Aquatic Foods

A variety of aquatic foods chilling on ice including, octopus, fish, shrimp, lobsters, mussels, scallops, oysters, and more

Foods like salmon, lobster, and shrimp, are often categorized as “seafood.” But how might you classify these foods when including a freshwater fish, such as trout? Consider the term aquatic foods (also called blue foods), which include any animals, plants, and microorganisms that originate in bodies of water. Examples are:

  • Finfish—small pelagic fish (herring, sardines, anchovies), medium pelagic fish (bonito, mahi-mahi), large pelagic fish (tuna, swordfish), salmonids (salmon, trout), carps, cichlids (tilapia), cods (cod, haddock, pollock), and demersal fish (flounder)
  • Crustaceans—crabs, shrimp, krill, prawns, lobster
  • Cephalopods—octopus, squid
  • Mollusks—clams, cockles, sea snails, mussels, scallops
  • Aquatic plants—water spinach (Ipomoea aquatica)
  • Algaeseaweed
  • Other aquatic animals—mammals, insects, sea cucumbers

Aquatic foods can be farmed or wild-caught, and are sourced from inland waters like lakes, rivers, and wetlands; coastal areas like estuaries, mangroves, or near-shore; and marine or ocean waters. Despite currently being an important contribution to healthy diets for billions of people globally, aquatic foods are often undervalued nutritionally because their diversity tends to be restricted to protein or energy value, or framed as a monolithic category of “seafood or fish.” [1] However, there is broad diversity of aquatic foods produced throughout the world and available during every season. Currently, wild fisheries harvest over 2,370 species and aquaculture growers farm approximately 624 species. [2]

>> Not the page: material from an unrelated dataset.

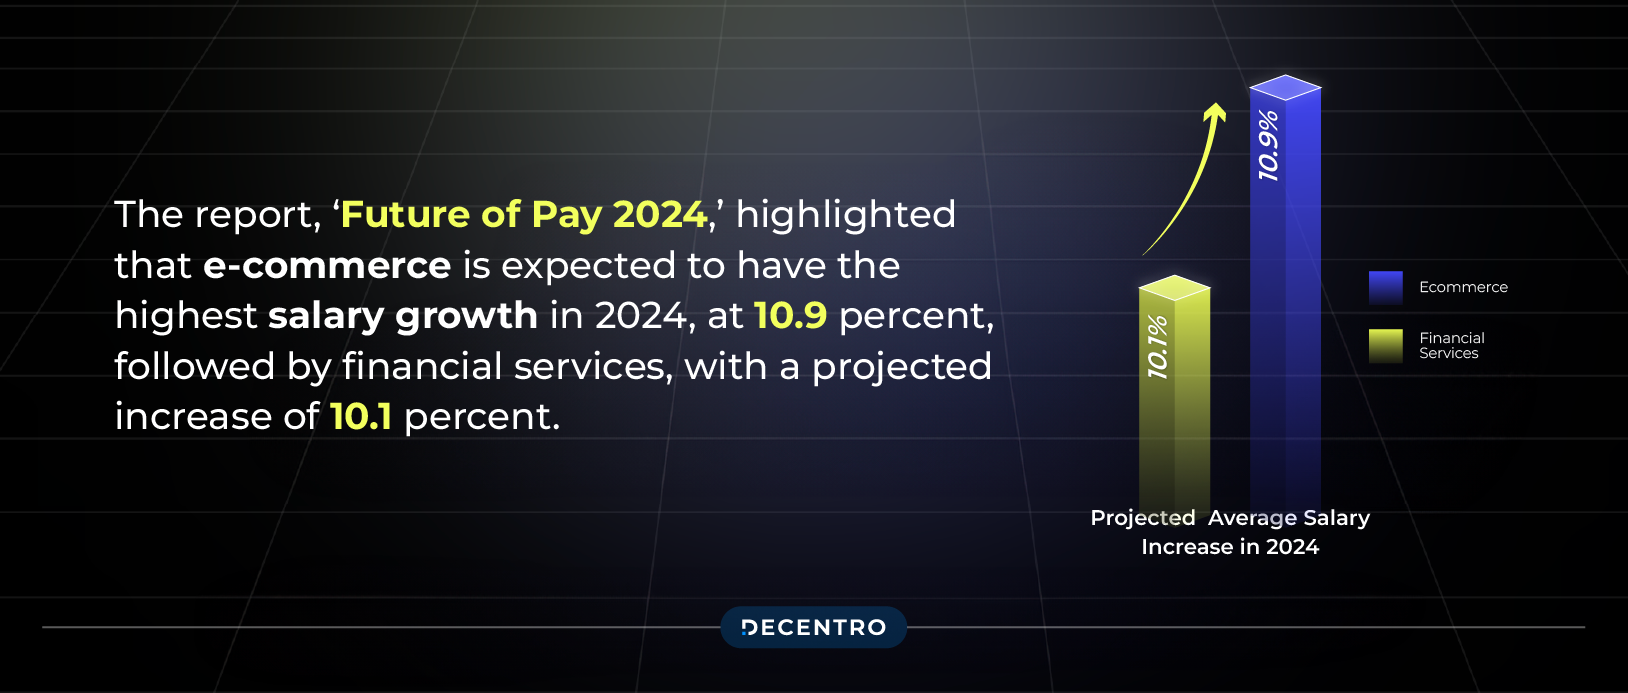 Future of Pay 2024 report takeaways

Because aquatic foods are so nutrient rich, food technologists have innovated methods to create processed fish products, including fish powders for infants, fish wafers as a snack, and fish chutneys. [1]

This page will focus primarily on animal sources of aquatic foods rather than plant sources.

Source Of

Preview of full graphic from Nature

How do aquatic animals stack up against land-based animals, nutritionally?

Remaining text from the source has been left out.